26 Haziran 2014

Takma Düşlerim

Bir gün uyandığımı sandım..
Olmamış.


Çok derine, az nefesle dalmışım.. Batıya doğru yüzüyorum.. Hafif de güneye elbette. O kadar kum çıkarabiliyorum ki, kendime yoruldukça bir ada yapıyorum.  Kocaman bir denizanasının göbeğine yatıyorum. Kayıp yataktan düşüyorum tabi, olmuyor. Kum iyi diyorum, kum iyi.. 
-Kumda çok uyumuşluğum var. Ve romantizme bağlamayayım ama şehirden uzak ve doğal bir yerdeyseniz yıldızlar en güzel battaniyedir.-

Uykum bittikçe kumlar dağılmaya başlıyor.. Suyun serinini tenimde hissediyor, irkiliyorum. Her uykumdan olduğu gibi, günü görmenin sevinci ve yetmeyen uyku hıncı ile, karmaşık duygulara ve suya bir dalıp çıkıyorum. Yüz yıkamaca.

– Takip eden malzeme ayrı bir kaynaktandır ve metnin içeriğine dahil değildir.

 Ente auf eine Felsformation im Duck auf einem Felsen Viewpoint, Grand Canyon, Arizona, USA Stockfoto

Akıntıya bırakıyorum kendimi. Aşk akıntısı. En güzel aşk sulu olandır, denizdir, ıslaktır.

Omzumda bir burun hissediyorum. Bir dönüyorum "At kafası". Dünyanın en makbul erkeğiyle göz göze geliyoruz. Tek eşli ve doğurgan. Ama at.
Müzisyenmiş. Bir şarkı mırıldanıyor, notadan yüzgeçleri dans ediyor. Şarkıyı duymaya çalışıyorum;

" ♪ Kalk gidelim Küheylaaan, uçalım gayrı oyy, evimize dönelim gayrıı ♫ "

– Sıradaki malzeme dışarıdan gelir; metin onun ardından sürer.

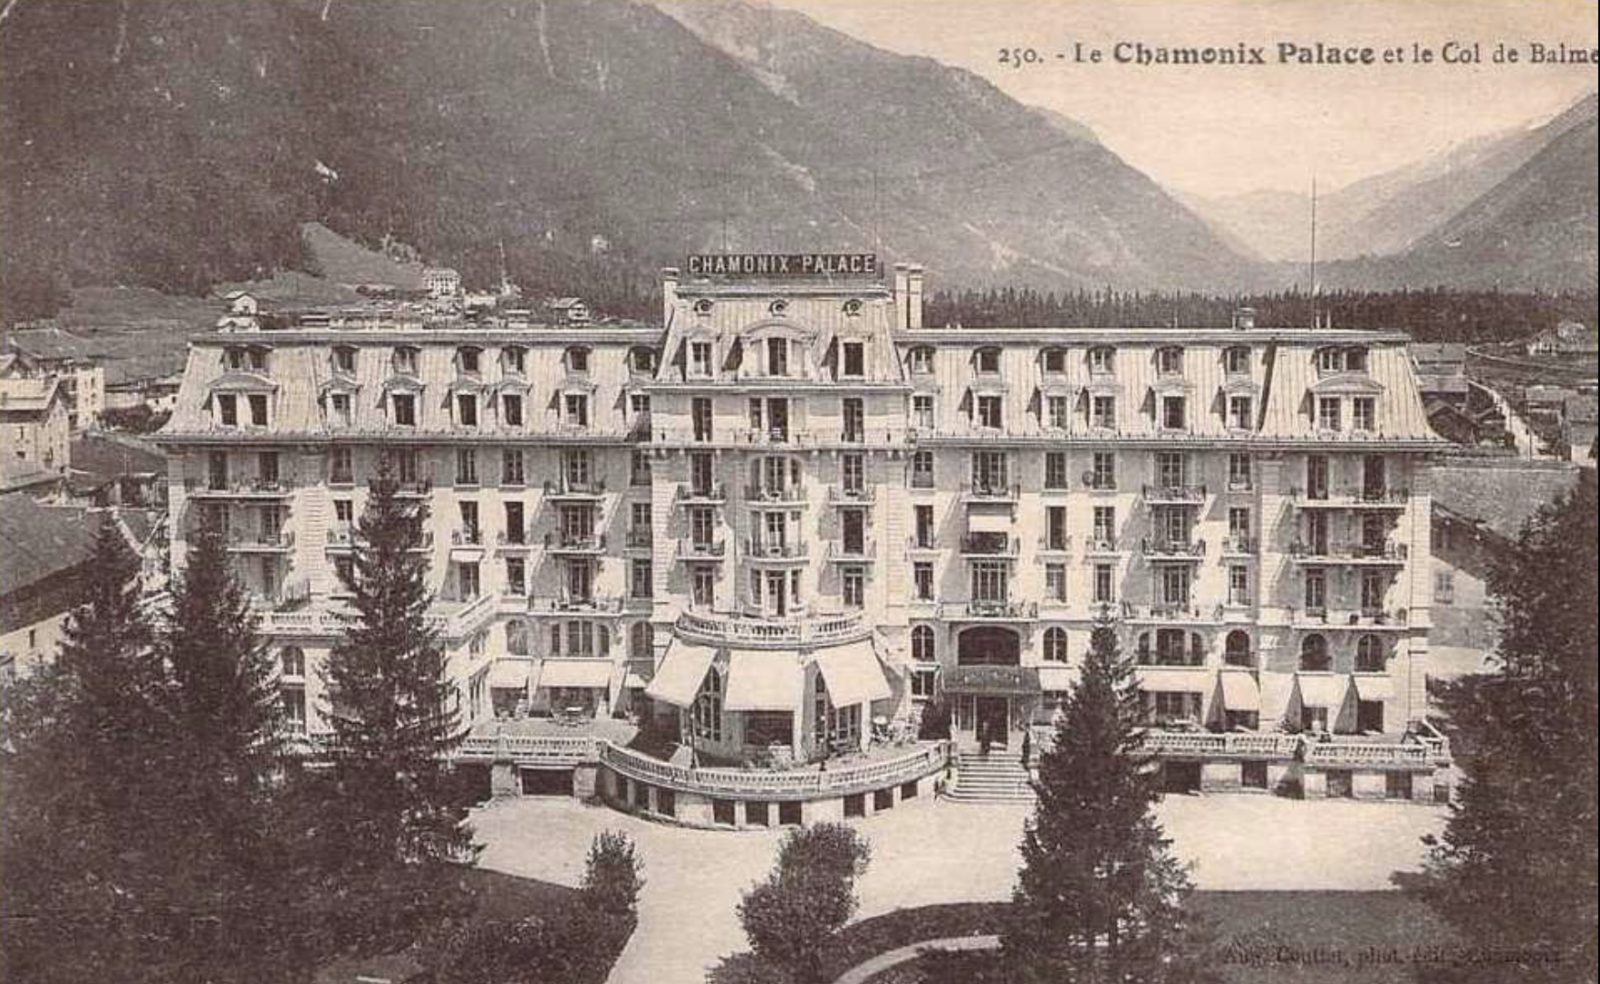 Chamonix Palace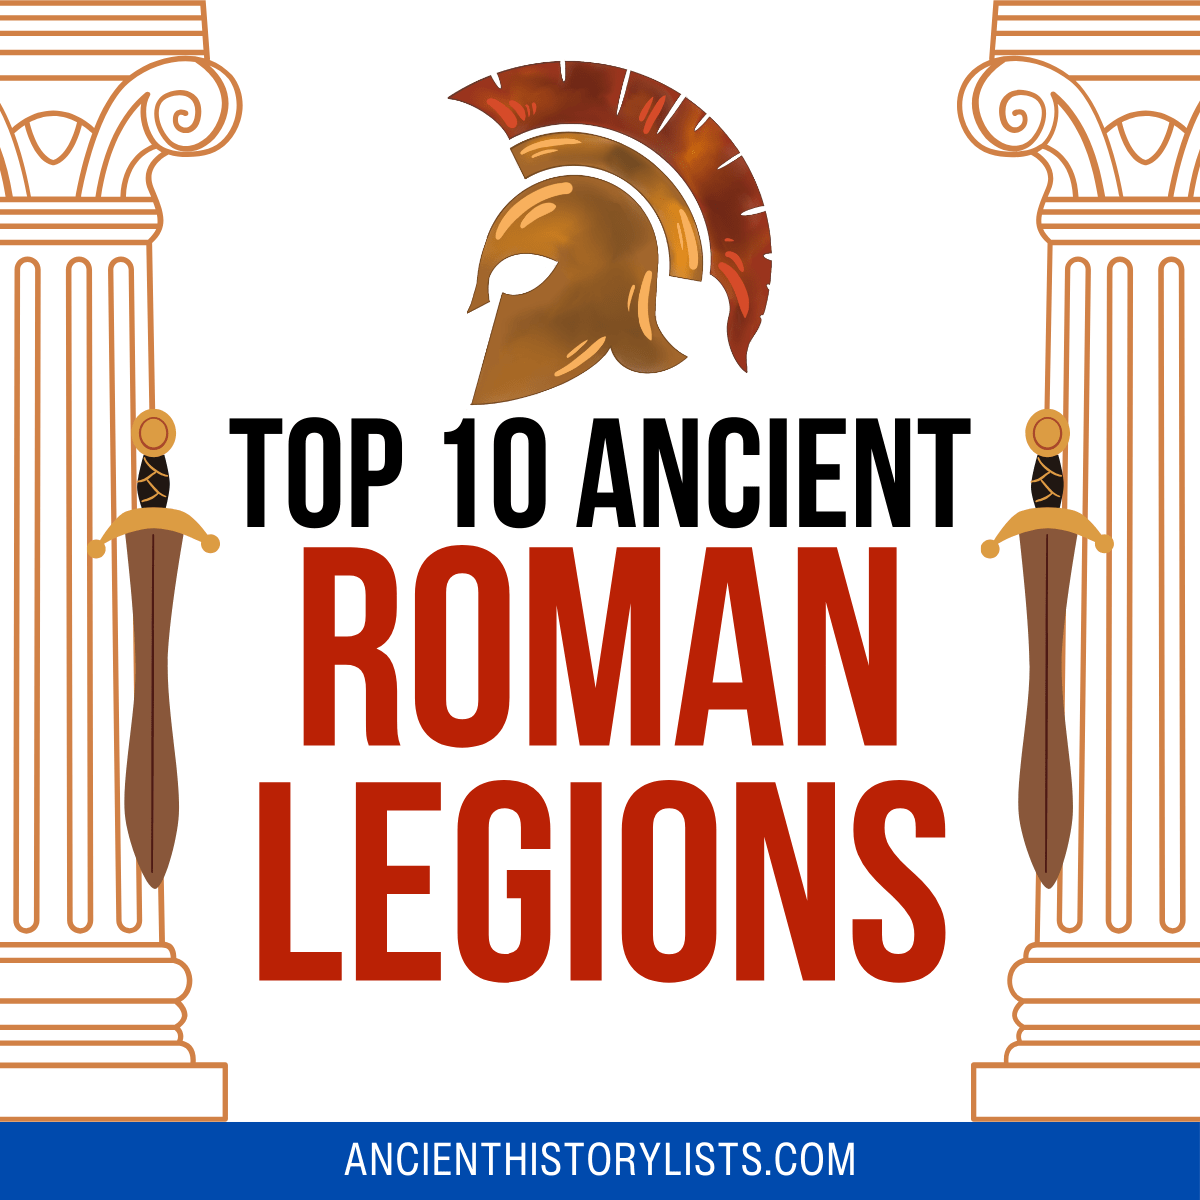 Top 10 Ancient Roman Legions

-Vayy! Barış Manço dinlemen müthiş, hümanist olmalısın..
-ATeistim. Şimdi bunu da açıklayamam. Nereye kulaçlıyorsun?
-Uyanmaya gidiyorum, geldiğim yerde çok uyuyan var, diğerlerine ağırlık basıyor böylece.."
-Günleriniz aydınlık olsun...
-Teşekkürler, umuyoruz..


...

"Yastıkla yatma denemesi 1"

Sonucunda takma düşüm. Gerçeği gibi olmuyor, düşlerin tadını alamıyorum. Öyle derler ya.

=)

13 Haziran 2014

SismoS

Toplu konutlarda yaşayan insanlar, site kapısındaki güvenlik kadar yalnızdır.. Tespit yapıştırdım zamanında.. Site yapımları giderek artıyor ve insanlar bu yapay dünyaları tercih ediyorlar. “Arz talep meselesi” diye de yetkililer tereyağdan çekilen kıl oluyor.

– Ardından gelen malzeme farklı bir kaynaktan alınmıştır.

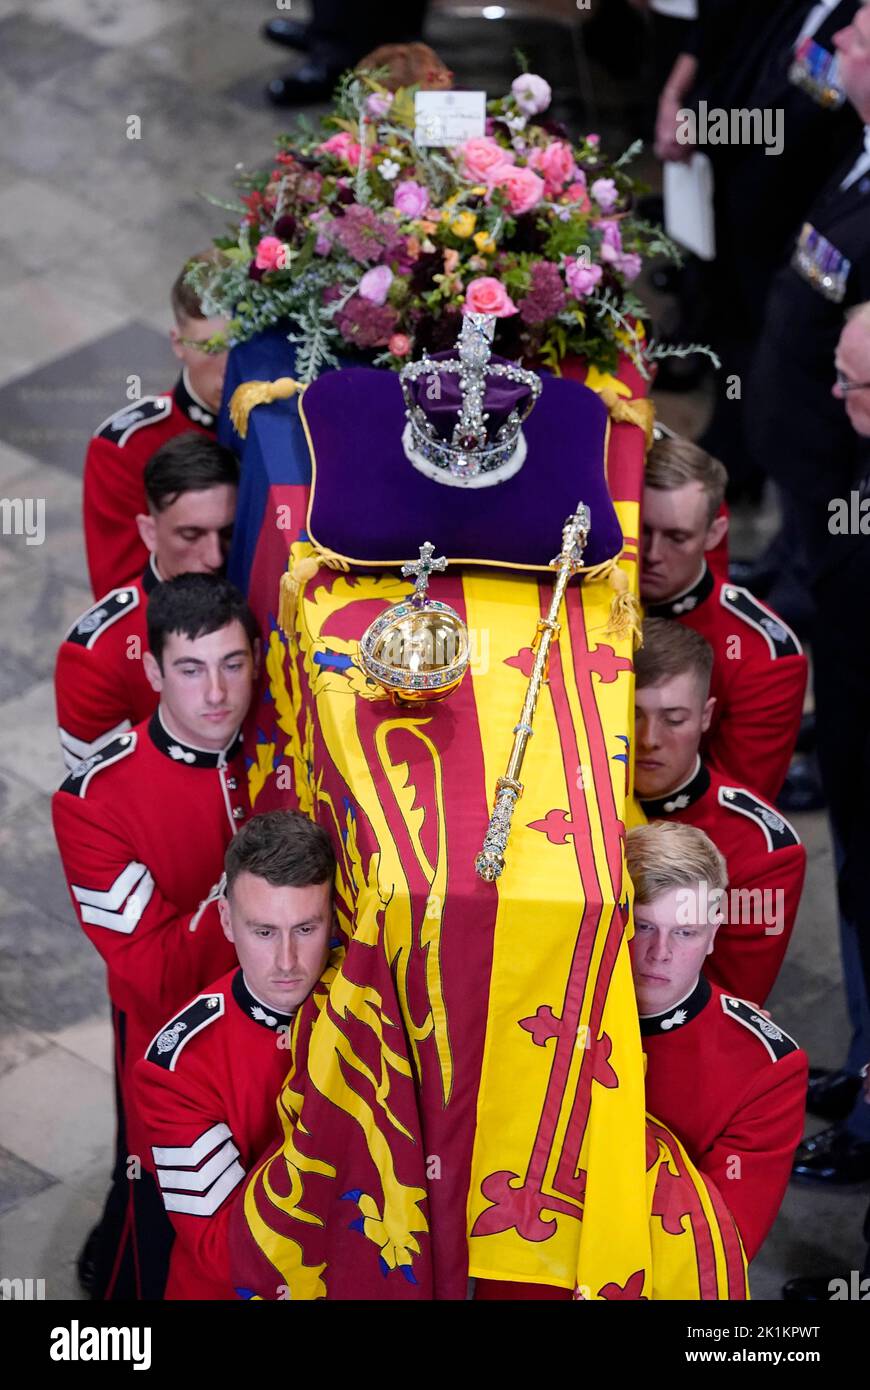 Le cercueil de la reine Élisabeth II, drapé dans le Standard royal avec la Couronne d'État impériale et l'orbe et le sceptre du souverain, est effectué de l'abbaye de Westminster après son funérailles d'État. Date de la photo: Lundi 19 septembre 2022. Banque D'Images

Yüzlerce insanın üst üste konmuş kutucuklarda yaşayıp birbirini tanımaması ve çok da tanışmak istememesi durumu söz konusu. Asansörde bu hiç tanımadığı komşusuyla gereksiz yakın bir alanda durup kat rakamlarının bir an önce Z’ye ulaşmasını bekleyen birçok insan var.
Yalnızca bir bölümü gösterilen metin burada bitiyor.